Сейчас дела в театрах лучше, чем были в декабре. Но вот как: лучше всех идет Большой. Там часто полные сборы. И не падают ниже 75%....». Таким образом, Немирович-Данченко фиксирует именно лидерство музыкального (и даже оперного) театра. Заметим, что уход Немировича-Данченко и Станиславского в эти годы в сферу музыкального театра, возможно вызван именно описанной ситуацией. Чем же руководствуются тогда идеологи? Прояснить их беспокойство может тот же Немирович-Данченко, который пишет из Москвы другому адресату уже в феврале 1930 года: «Вы не можете себе представить, как рецензии упали. Ими никто не интересуется, ни публика, ни театры. Публика сама устанавливает критерий». В этом всевластии публики, которое констатирует практик театра, таится несомненная опасность для идеологов. Тем более, что у них возникает вполне отчетливый образ той публики, которая «устанавливает критерий». Его рисует Николай Рославец: «Почему действительно сейчас пробудилась в нашем обществе эта совершенно ностальгическая любовь к опере, к оперетте. Почему потянуло на музыку. К этому надо подойти серьёзно и подумать…. Далее, где же эта тяга намечается? У кого? У так называемых широких рабочих масс? Ничего подобного…. Замечается она, главным образом, у нашей новой интеллигенции….

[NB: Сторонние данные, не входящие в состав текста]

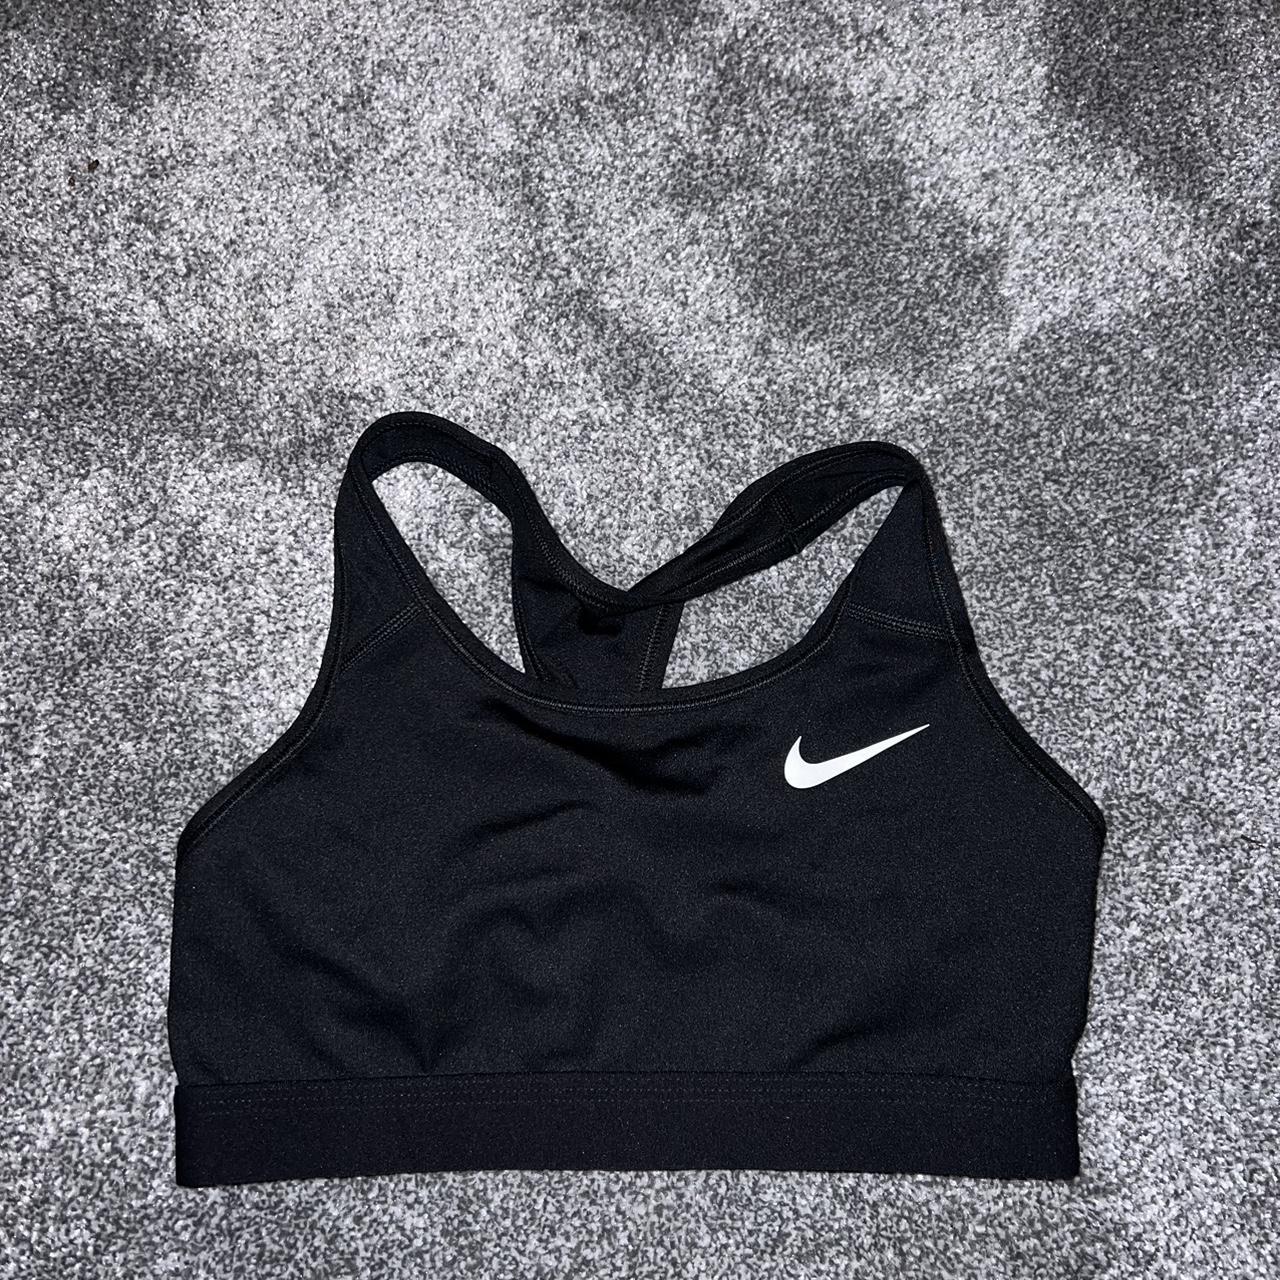 Black Nike Sports Bra - Size Small

Может быть, я ошибаюсь, может быть, кто-нибудь поправит меня и разобьёт мою теорию, но я думаю, что эта тяга к музыке объясняется попросту говоря тем, что мы вступили в полосу отчаянной реакции… Искусство сейчас уже начинает становиться чем-то вроде дома отдыха, даже со своими “мёртвыми” часами. Именно побыть часика два в опере или где-нибудь в этом роде – это и есть тот “мёртвый час”, который в домах отдыха существует.

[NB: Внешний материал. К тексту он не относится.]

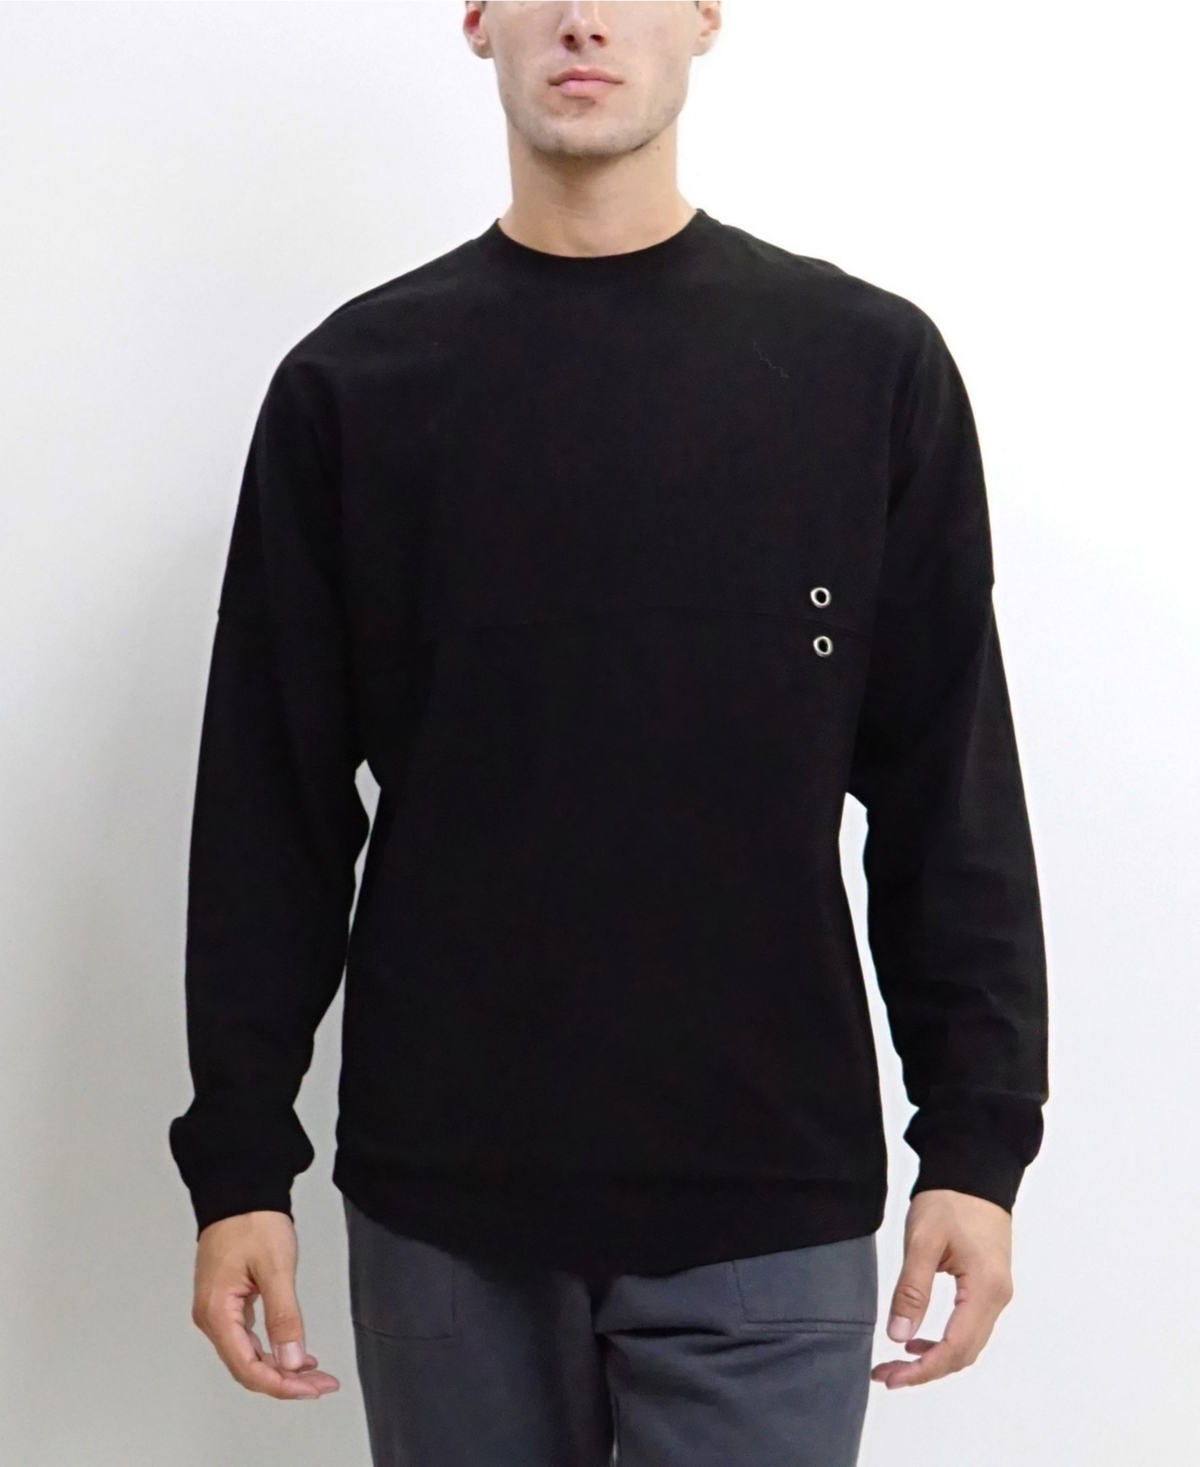 Men's Long-Sleeve Pullover Sweatshirt - Black

<…> Необходимо будет начать борьбу с указанной мною реакцией, наступление которой беру на себя смелость сигнализировать, для того, чтобы подсказать, кому это ведать надлежит, что борьбу с этой реакцией нужно начинать сейчас же…. Начиная борьбу, нужно ли держаться за старую оперу? Я бы сказал – нет. Думаю, что форма оперная, как форма наиболее условная… не годится. Какая же форма будет годна для этого? Я думаю, придётся новым строителям эту новую форму искать. У нас совершенно не учтён опыт всех наших массовых “самодеятельных” кружков…. Возьмём живые газеты, возьмём инсценировки, физкультуру и т.д. Всюду имеется колоссальный опыт, чрезвычайно интересный для тех, кто хотел бы попробовать поискать новых форм музыкально-театрального воздействия. Вот этот массовый опыт нужно будет учесть новым строителям и попробовать на основании этого опыта создать новое…”.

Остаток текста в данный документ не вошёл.